In a statement released shortly after, the bank also said the growth rate for South Korea is expected to “considerably exceed” the bank’s May forecast of 2.6%, while inflation will remain high for “a considerable time.”
“There are good reasons to expect further tightening over the coming months,” Capital Economics economist Gareth Leather wrote in a note after the rate decision was announced.
“Although the continued weakness in private consumption – retail sales are falling in real terms – remains a concern, we still expect growth to reach an above-consensus 4.0% this year.”
The dollar-won rate remained muted on the widely expected decision. The benchmark KOSPI was off 7%, mostly due to renewed selling in chipmakers’ stocks.
The economy has been rebounding faster than expected this year, thanks to a boom in semiconductor exports and investment, even as the local currency remains pressured, with the won weakening 3.4% against the greenback. Gross domestic product expanded 1.8% in the first quarter, the fastest pace in nearly six years, prompting the government to raise growth forecasts to a five-year high of 3.0% for this year on the back of a global semiconductor boom.
The rate hike aligns the BOK closely with regional neighbour the Bank of Japan, which recently raised its own benchmark rate to a 31-year high.
Central banks in Australia, New Zealand, Indonesia and the Philippines have also tightened their monetary policies.

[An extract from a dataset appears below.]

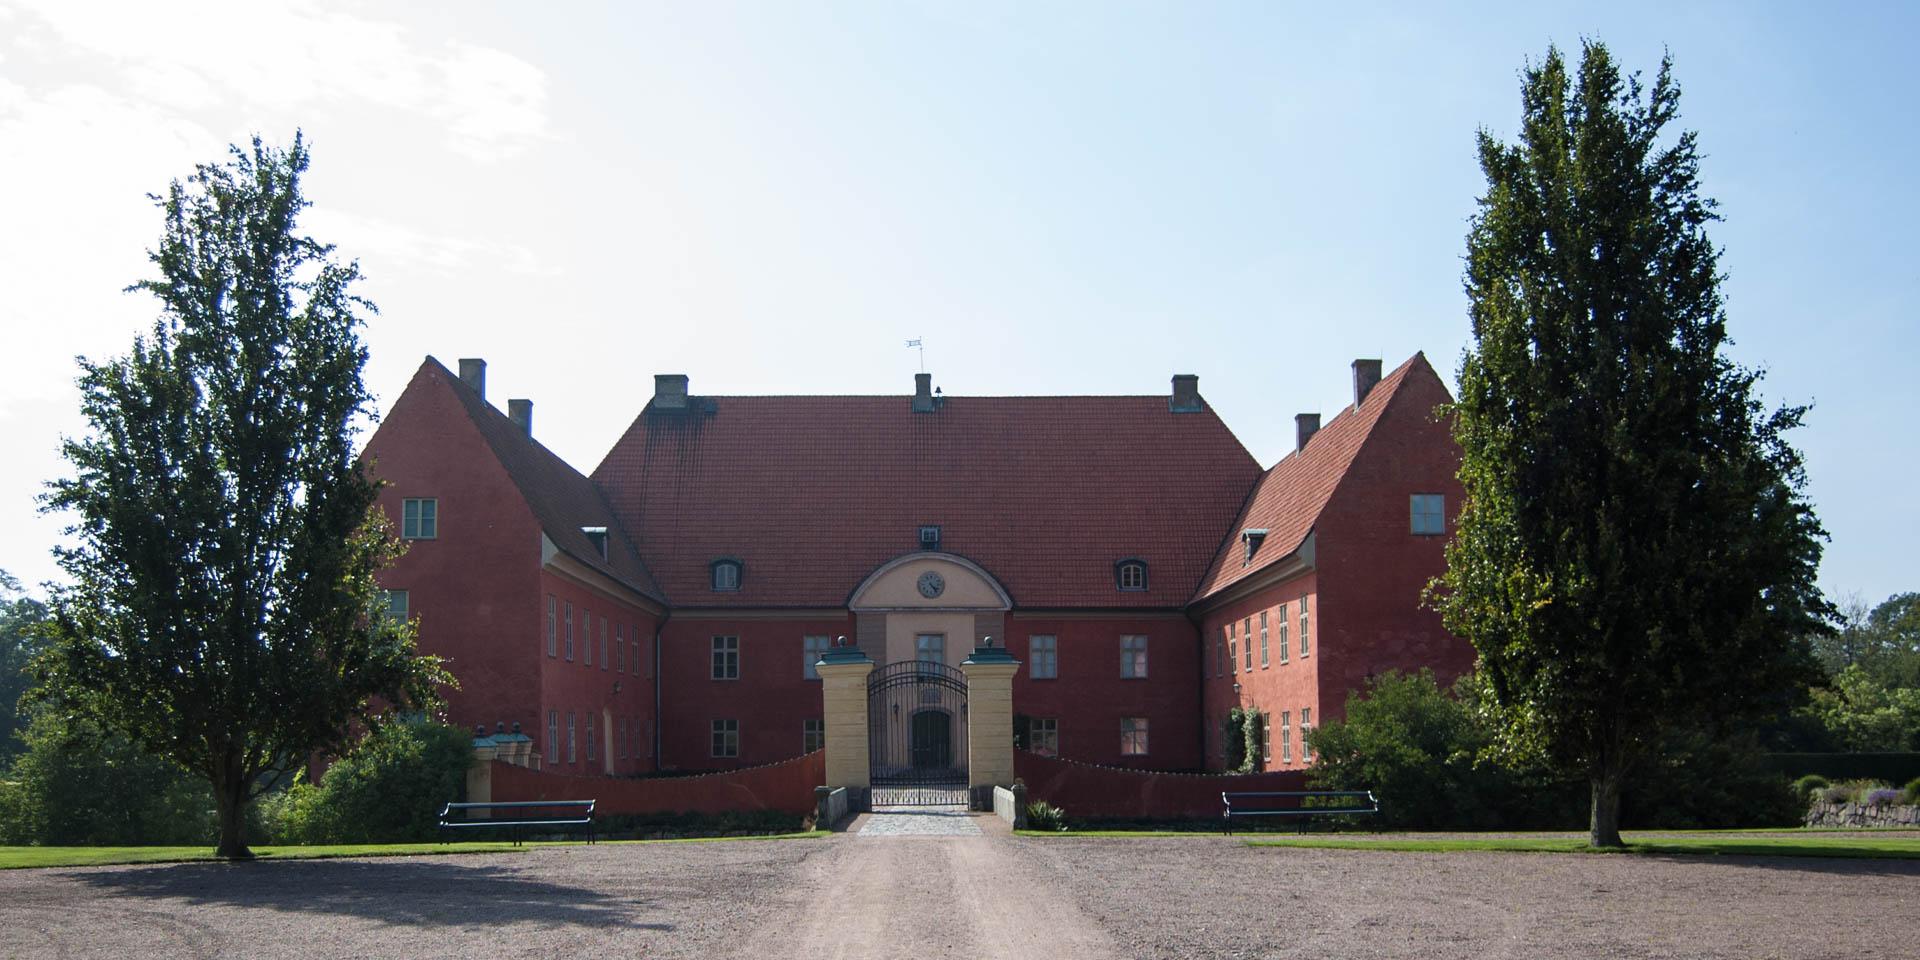 Krapperups slott 2011
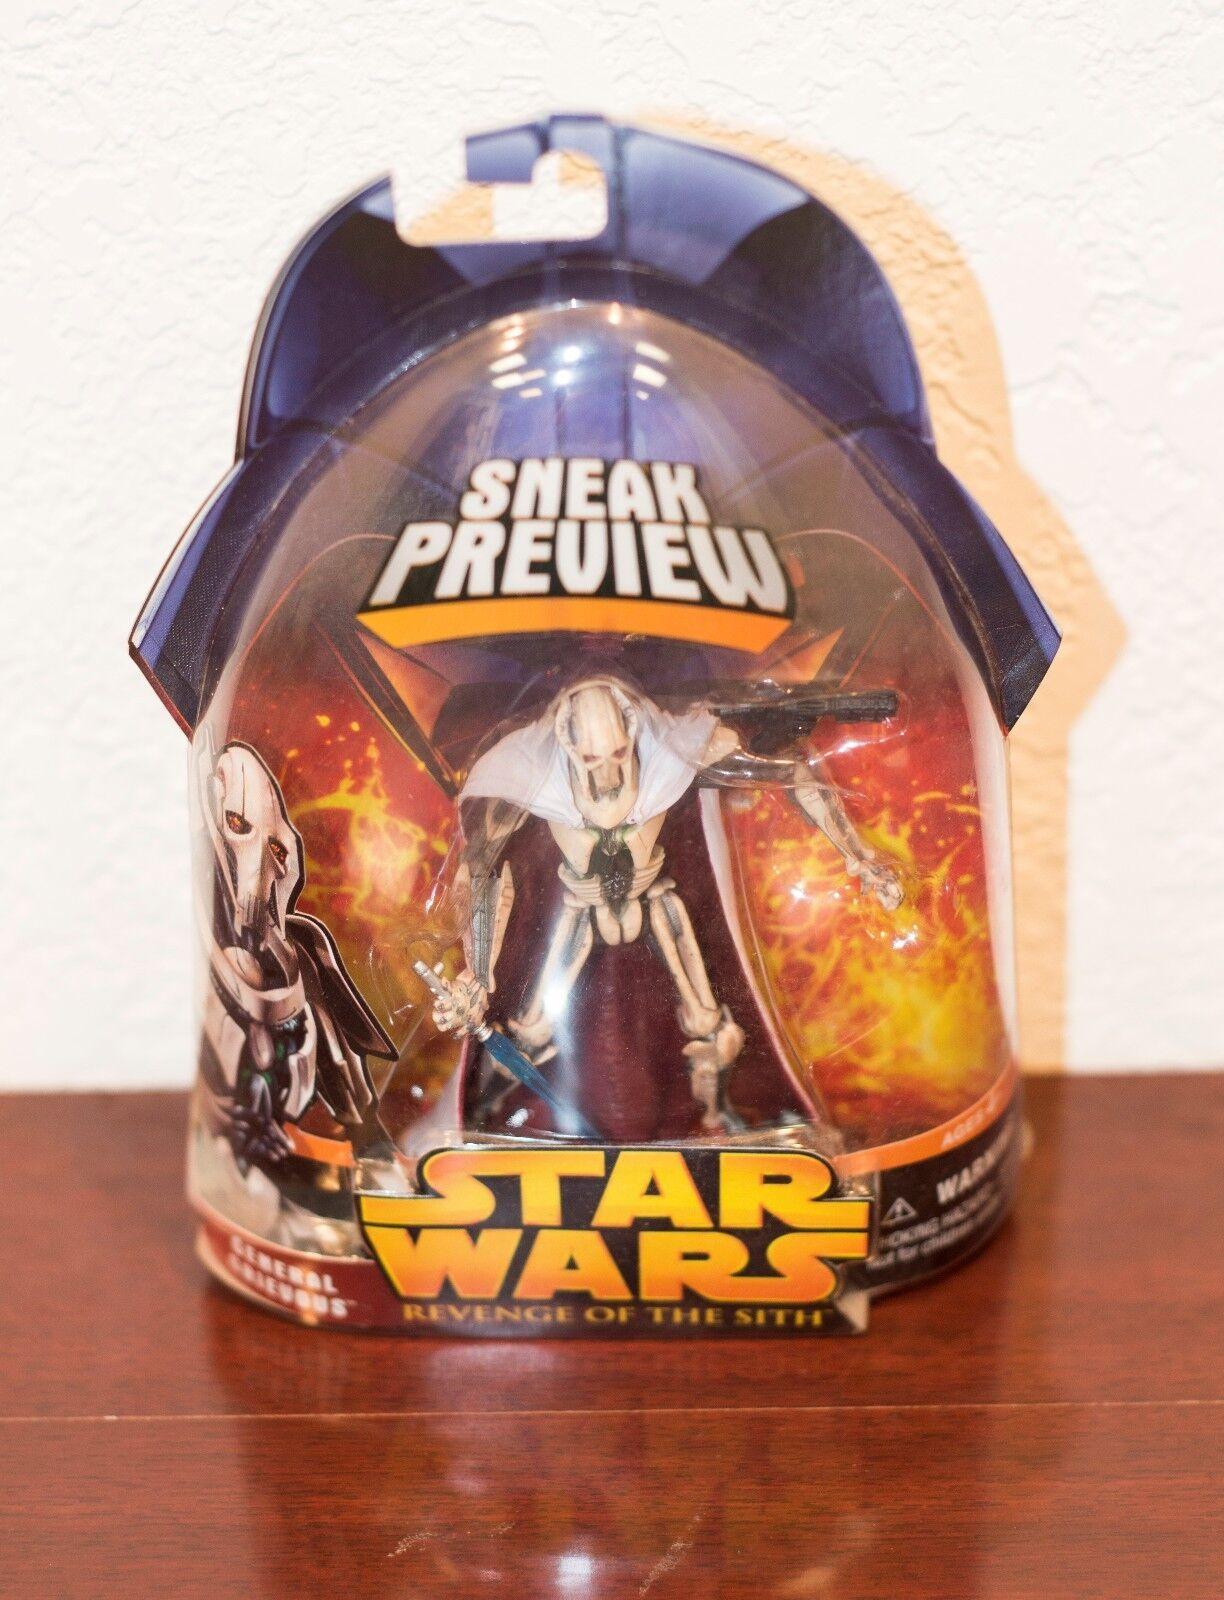 2005 STAR WARS SNEAK PREVIEW REVENGE OF THE SITH GENERAL GRIEVOUS FIGURE MOC

With the headline inflation figure at a 2-1/2-year high in South Korea, a majority of analysts see the BOK delivering at least one more rate hike before the end of this year to take the policy rate to 3.00%.
Median forecasts showed the BOK would raise its key rate to 3.25% in the first quarter of 2027 and keep it there until at least the end of next year.
Governor Shin Hyun Song will hold a press conference at 0210 GMT, which will be livestreamed via YouTube.